This section discusses outlaws and the genetic conflicts to which they lead. The focus is thus on the process of genic selection and its evolutionary consequences, rather than the gene's-eye perspective.
An outlaw, or SGE, is a gene that enjoys a transmission advantage over other genes in the same organism but does not increase the organism's fitness (Alexander and Borgia 1978; Dawkins 1982; Hurst et al. 1996; Hurst and Werren 2001). Most outlaws in fact reduce organismic fitness; this generates selection pressure at all unlinked loci for genes that suppress the outlaw's effects, leading to genetic conflict. Such conflicts are usually called 'intra-genomic', for they involve conflict between the different parts of a single genome. However, Maynard Smith and Szathmary (1995) argue that some SGEs are better thought of as parasites or endo-symbionts, rather than as part of host genome, hence do not generate intra-genomic conflict, but rather conflict between the multiple genomes inhabiting a single organism.

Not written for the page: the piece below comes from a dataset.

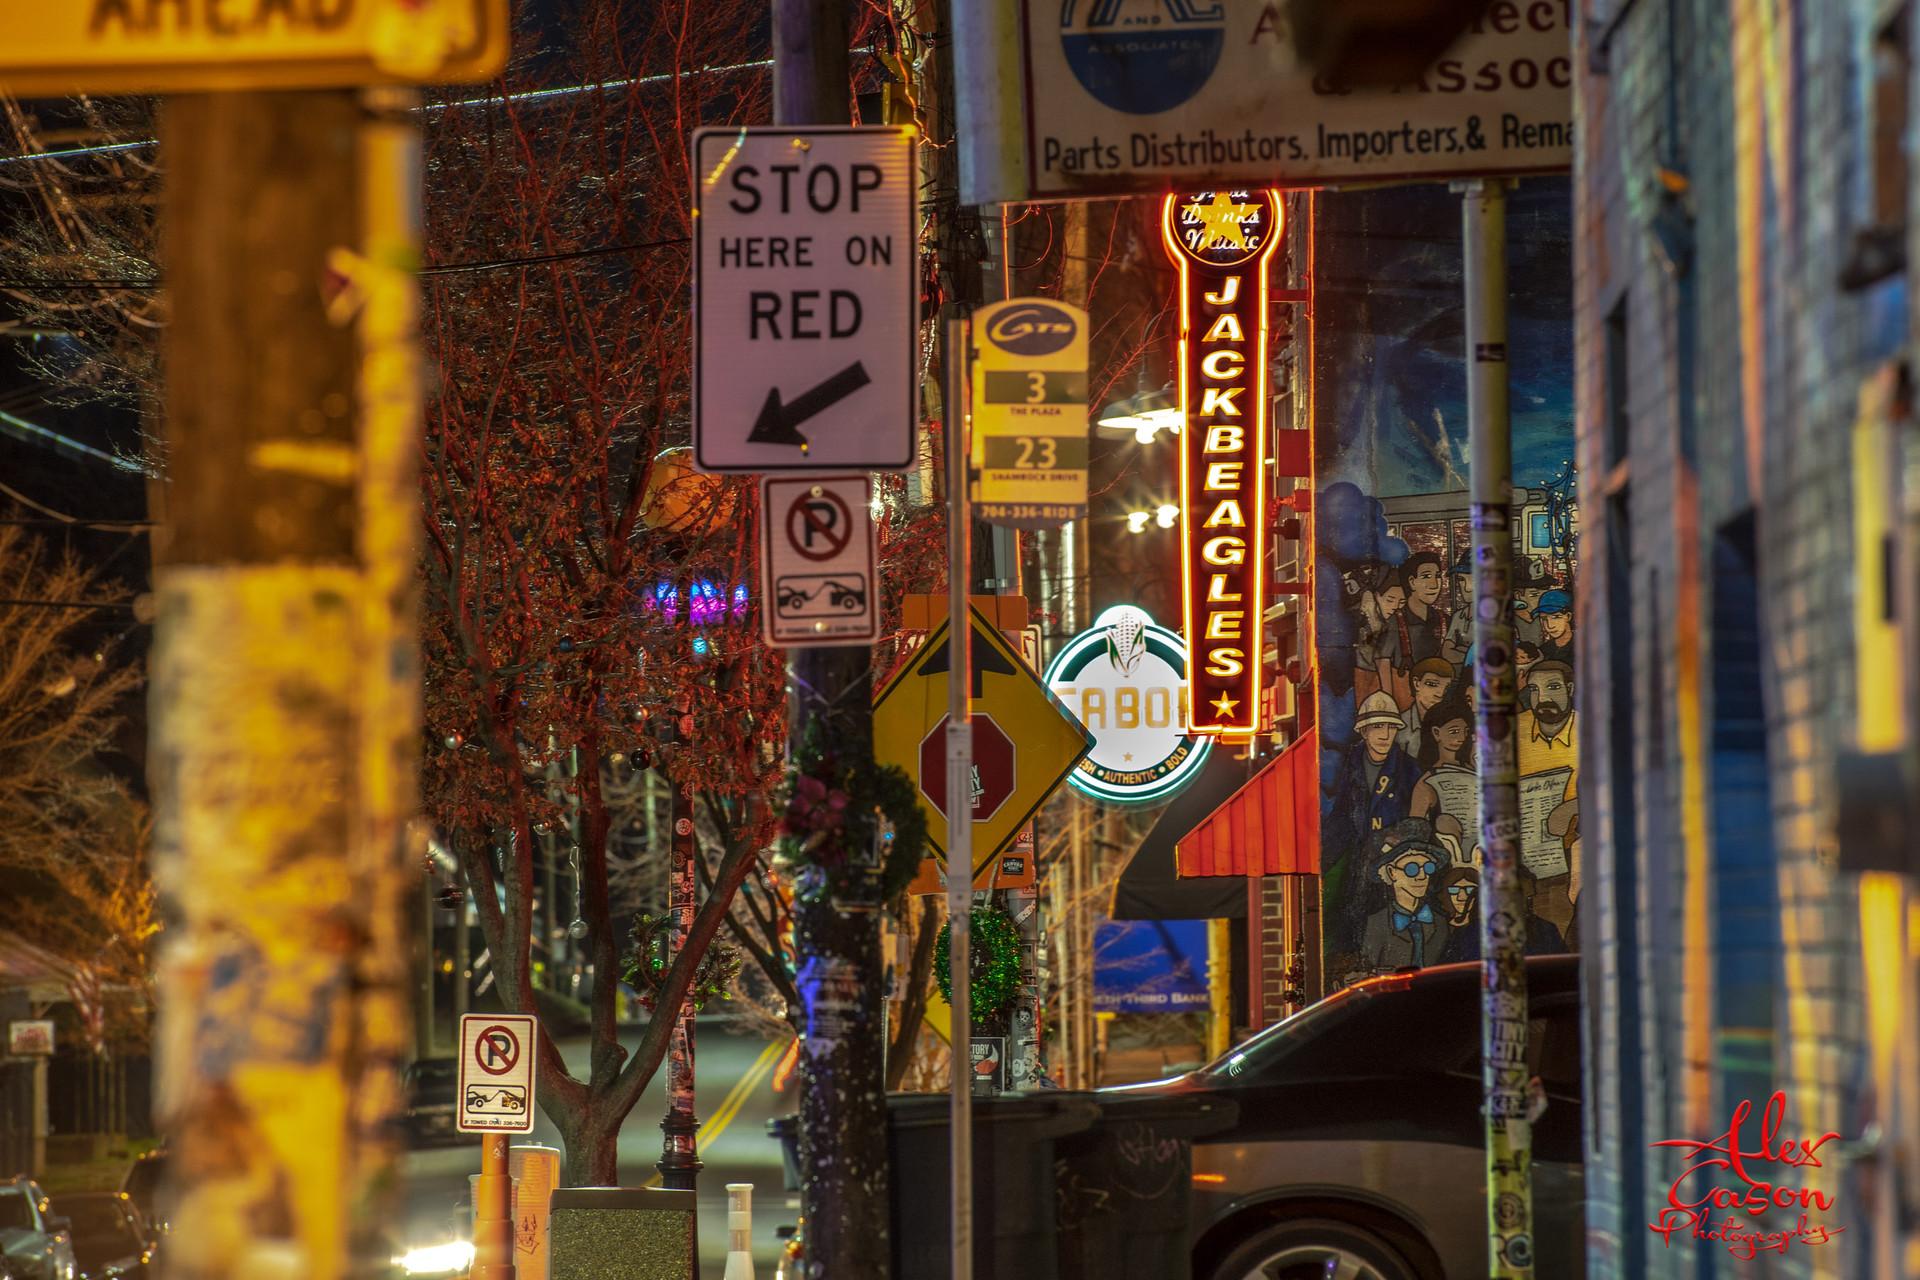 Uptown_Scene_by_Alex_Cason-06790.jpg

Genic selection, as defined above, occurs when there are fitness differences between the genes within an organism. Given this definition, it follows that all outlaws spread by genic selection. But the converse is not necessarily true. A gene might boost the fitness of its host organism and also secure a transmission advantage over its allele. Such a gene would not be an outlaw, and would not induce selection for suppressors at unlinked loci; but its spread would still be due, in part, to genic selection. The effect of such a gene would be to benefit the whole genome, but to take a disproportionate share of the benefit for itself.

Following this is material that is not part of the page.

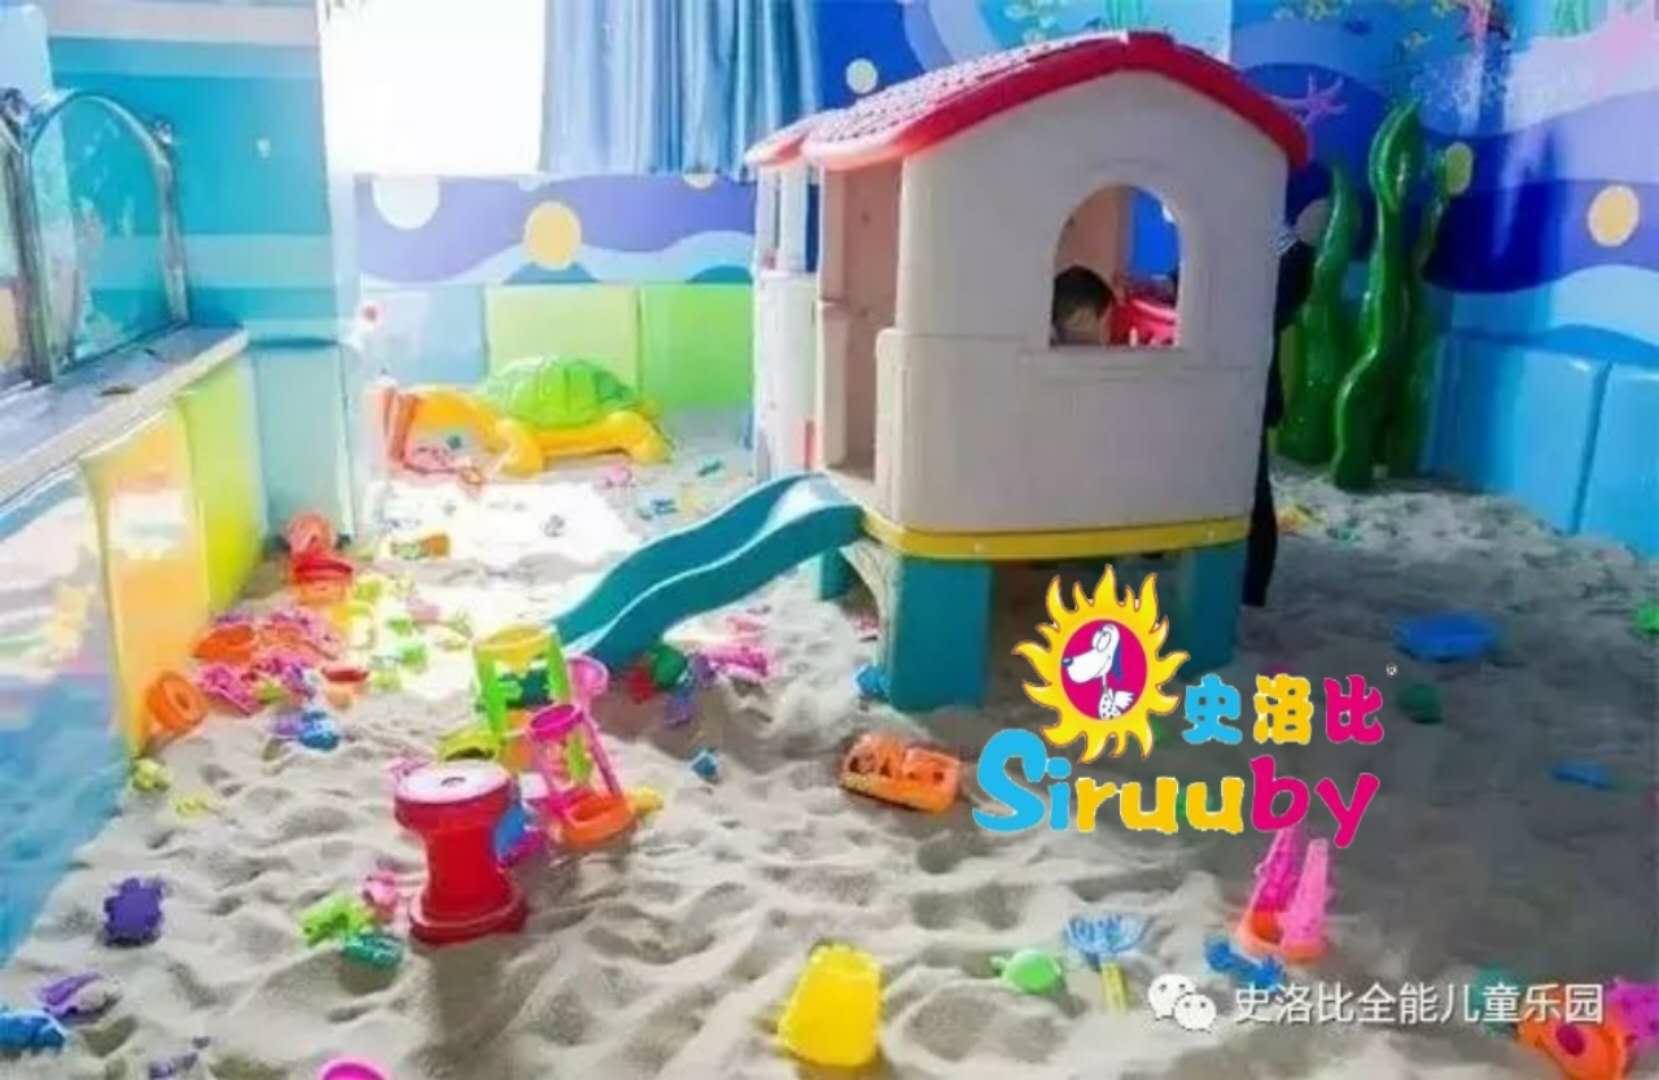 专业提供加盟淘气堡梦幻沙池项目,中国加盟儿童淘气堡

Defining genic selection this way requires that the notion of 'genic fitness' be appropriately understood. Consider a simple one-locus model with two alleles A and B, and thus three diploid genotypes AA, AB, and BB. Suppose that segregation is Mendelian—neither A nor B is a segregation-distorter. This means that no genic selection occurs—both alleles within an AB heterozygote have identical fitness, for they share the organism's gametic output equally. However, the overall fitness of the A and B alleles, averaged over all the genotypes, may well differ.6 If so, one might be tempted to argue that there are fitness differences between the genes within an AB heterozygote, and thus that genic selection is occurring. But this would be a confusion. The crucial distinction is between the fitness of a token particle within a collective, and the fitness of that particle-type averaged across collectives. When we say that genic selection occurs if the genes within an organism differ in fitness, it is the former, not the latter, sense of 'genic fitness' that is pertinent.
This conception of genic selection sits well with the Price approach to multi-level selection. In Chapter 2, we saw how the Price approach can be applied to a one-locus model, by treating each diploid organism as a collective containing two particles. It then follows that organismic (or genotypic) selection occurs if there are fitness differences between organisms; while genic selection occurs if the alleles within the AB heterozygote differ in fitness, that is, if there is segregation distortion. The overall change in gene frequency depends on both levels of selection, as we saw.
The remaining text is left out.